Натаниэль остановился, проверяя, удалось ли ему выдержать официальный сухой стиль. Прежде списка убитых и раненых необходимо было добавить еще одну важную деталь. Он снова взялся за перо.
Дринкуотер старательно поставил под рапортом подпись. Приложив список потерь, он вышел на палубу. Огромные жертвы не сказались отрицательно на духе экипажа. Все «кестрельцы» испытывали облегчение, что остались живы, и ощущали гордость при виде «Драакена», следующего за кормой под командой Хилла, которого ранение в руку, похоже, не слишком беспокоило.
Дринкуотеру не было смысла обижаться на своих людей. Натаниэль знал, что из всех только он да Эпплби терзаются муками совести. Со стороны матросов это было вовсе не жестокосердие, а удивительная способность приспосабливаться к вечно изменчивой природе вещей. Натаниэль поймал себя на том, что завидует этому качеству, когда созвал нижних чинов, чтобы поблагодарить за проявленное в битве мужество. Звучали его слова жутко помпезно, но моряки слушали, затаив дух. Это позабавило бы Элизабет, сказал он себе, уловив на устах моряков довольные усмешки. От этих улыбок и при мысли про жену он почувствовал себя лучше, ведь до поры, пока голландцы не выказывали желания выйти за Тексель, Натаниэль не позволял себе расслабиться даже на миг. Теперь же свинцовое небо странным образом показалось вдруг светлее, а вид раскачивающегося на волнах «Адаманта» радовал глаз.
Капитан завершил речь, и над строем раздалось немногочисленное «ура». Дринкуотер повернулся к накрытым тканью фигурам, распростертым между орудиями. Тел было тринадцать.
Он убивал, произносил высокие слова, теперь ему предстоит хоронить своих мертвых — так требовал бессмысленный, противоречащий сам себе ритуал.
Достав из разорванного кармана замусоленного мундира переплетенный в кожу молитвенник, принадлежавший некогда его тестю, Дринкуотер стал читать: «Иисус сказал ей: Я есмь воскресение и жизнь; верующий в Меня, если и умрет, оживет». А над головой трепетал на ветру красно-белый флаг.

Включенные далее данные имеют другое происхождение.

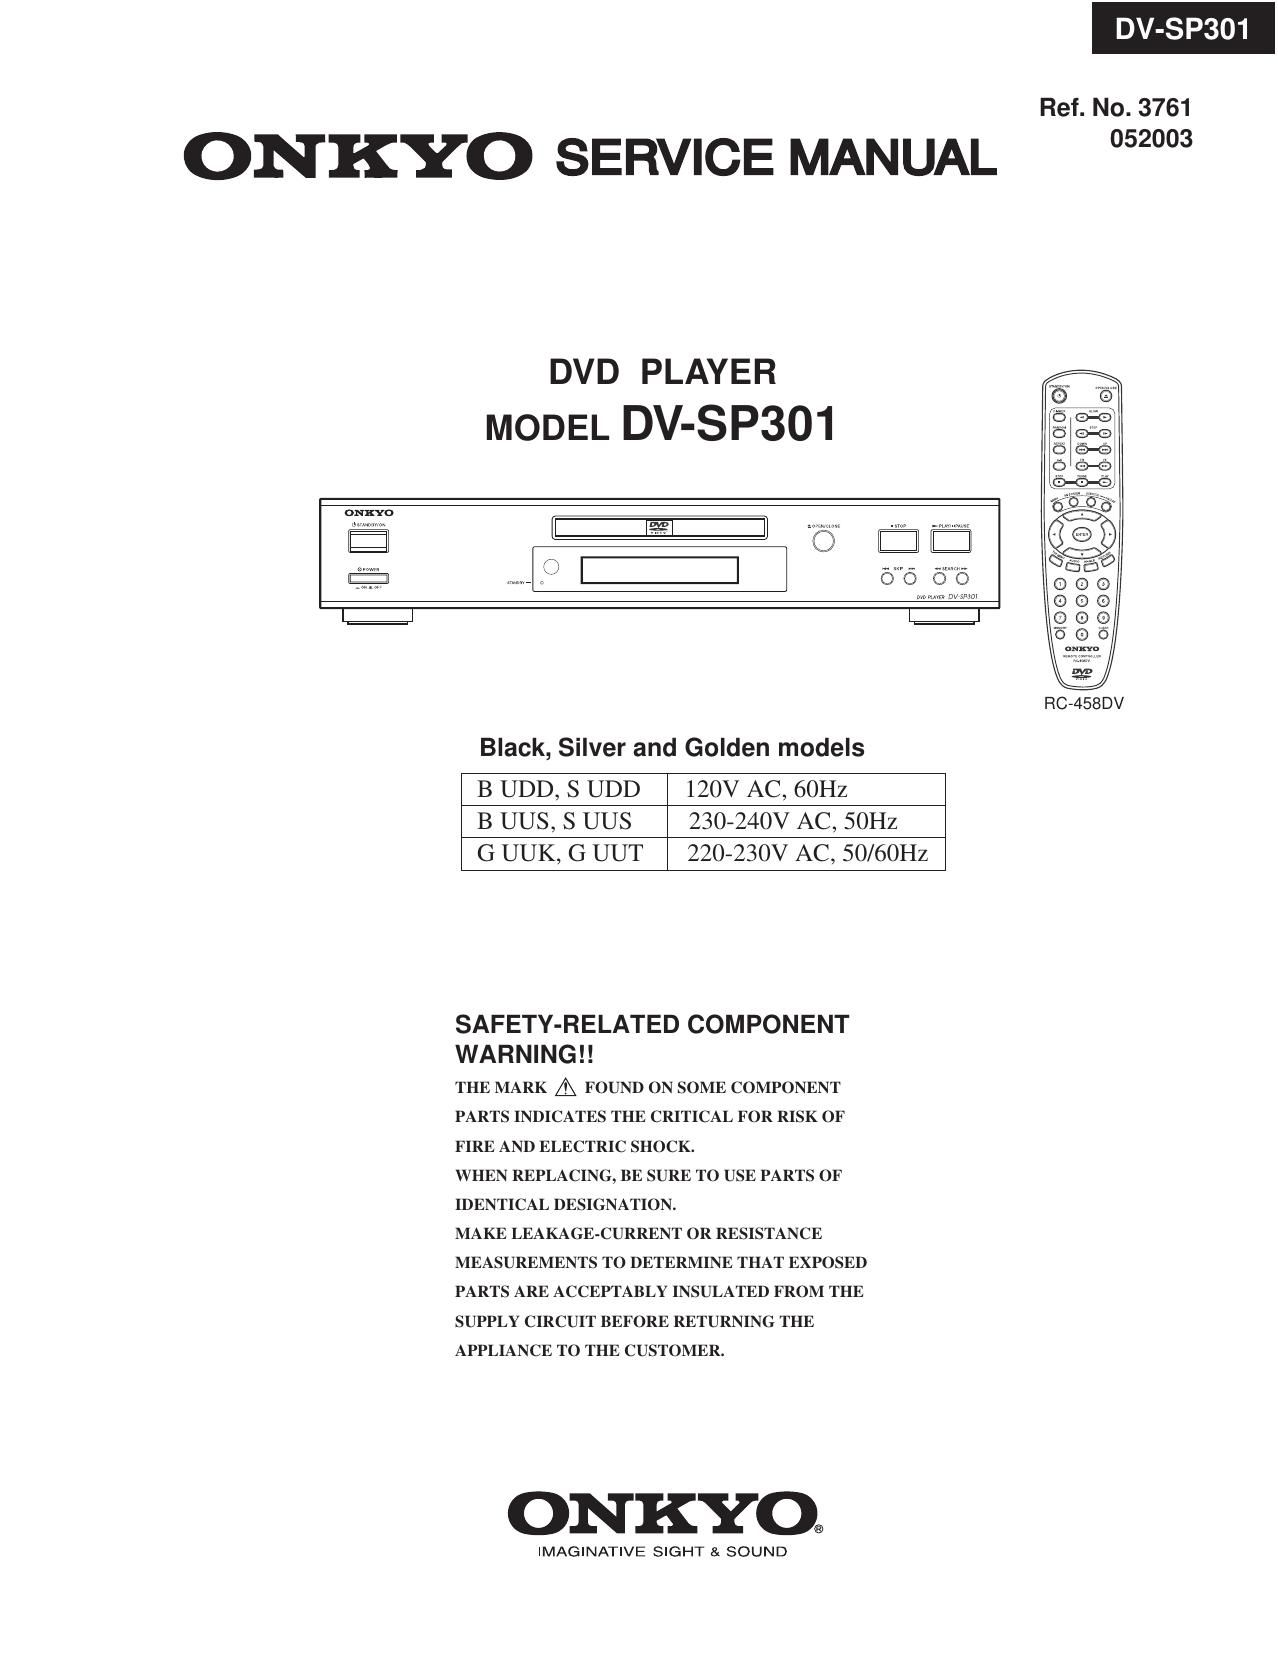 Onkyo DVSP 301 Service Manual

Эскадра Дункана бросила якоря в Норе, дабы принять похвалу Парламента и благодарность нации. Поначалу стратегические последствия победы представлялись министрам вторичными по сравнению с шансом спокойно перевести дух. Вопреки мятежу сила флота Северного моря оказалась не подорвана. Моряки искупили свою вину, а правительство убедилось в правильности своей политики. Лучи виктории согрели все партии, эйфория охватила все умы, все наперебой торопились чествовать победителей. Недавние мечты Дункана получить при выходе в отставку титул пэра Ирландии могли показаться мелкими по сравнению с пожалованием его в бароны и виконты Великобритании; Онслоу стал баронетом, Троллоп и Фэрфакс — рыцарями, все первые лейтенанты линейных кораблей получили чин коммандеров. Навешивались медали, раздавалось именное оружие, а благодарности обеих палат Парламента щедро сыпались на флот. Толку с последних было впрочем, по меткому выражению Тригембо, что с козла молока.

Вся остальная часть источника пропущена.